I was sort of captivated by this fountain in the narthex of the church.

I've already posted a photo of the fishes and loaves mosaic. Just above that, underneath the altar is the rock upon which Jesus was to have multiplied the loaves.

This church is built upon the ruins of two others. It's also just down the hill from the Church of the Mount of Beatitudes, the traditional location for, what else, the preaching of the Beatitudes. We didn't walk up to that church, probably because of its relatively late construction. The octogonal shape of many of these churches is supposedly representative of the eight blessings (and I suppose alternatively the eight curses).

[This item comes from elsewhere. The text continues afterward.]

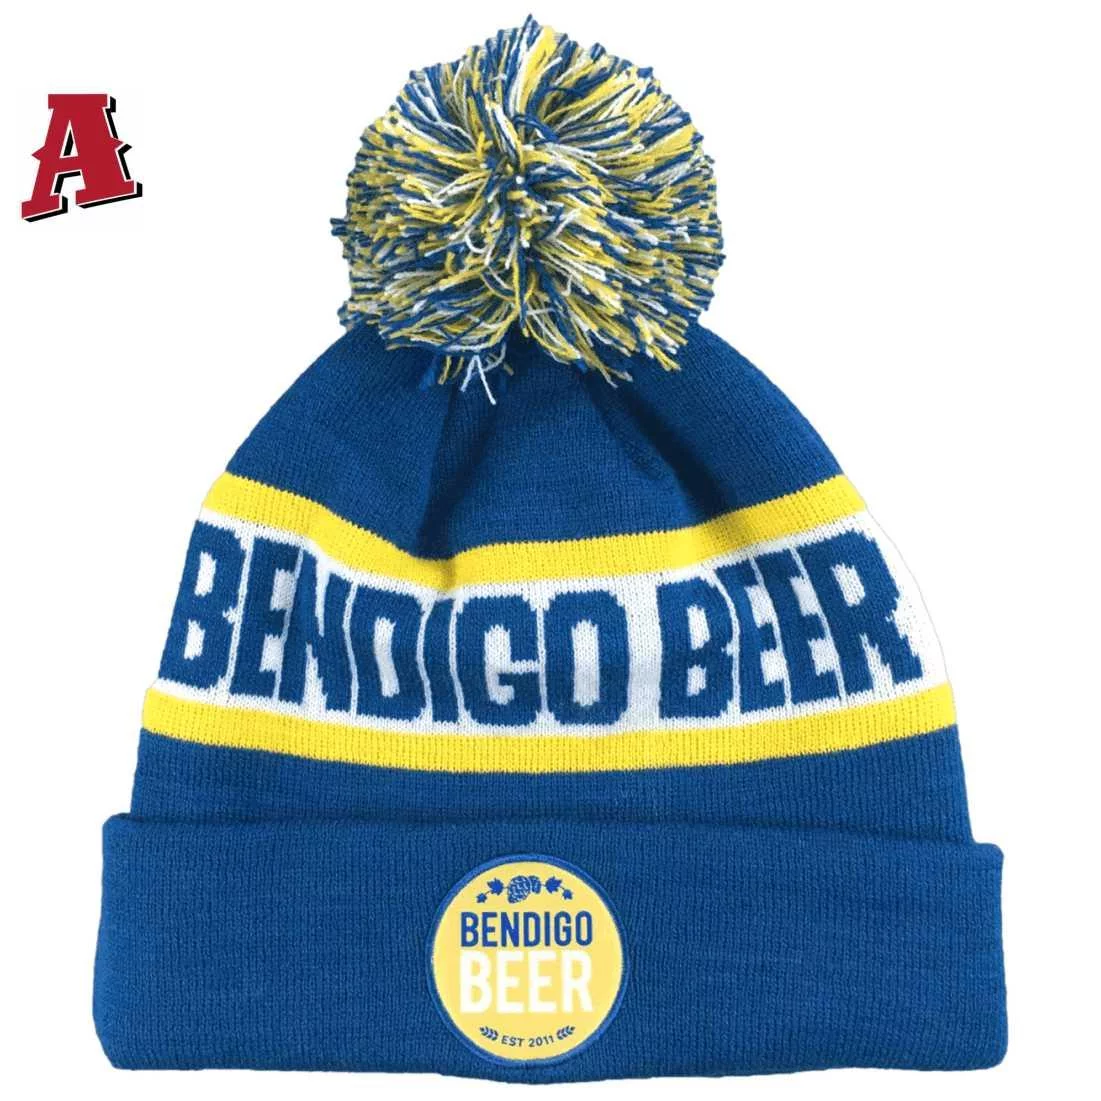 Bendigo Beer Maiden Gully Bendigo Vic Aussie Custom Acrylic Beanie with Pom POM and Roll-up Cuff Royal Blue Yellow White with woven badge on cuff

Our last stop was at the river Jordan at a site most likely close to where St. John the Baptist ministered. We watched as a group of Russian Orthodox pilgrims immersed themselves (after singing a lovely hymn). I was pleased to see that they didn't do the rebaptism thing, as they believe (as we do) that we only need "one baptism for the forgiveness of sin."

This tour was well worth the time and expense. I look forward to a day when I can get around to these places and spend more time, but for now, the tours will do.

By the way, if you follow some of the shows on the History channel, you can expect to run into some of the documentary hosts that you see on those shows. On my first visit, I walked right behind the Naked Archaeologist himself, Simcha Jacobivici. I was disappointed when he got involved in the whole Tomb of Jesus thing, but I still like his show. This time, as I was walking by a dig next to the south wall of the Old City, and I saw one of the regular experts on many of these shows. In any case, it's a fascinating place to go.

At the end of the week, I took another tour of Caeserea, Acre, and Haifa. Those photos are coming soon.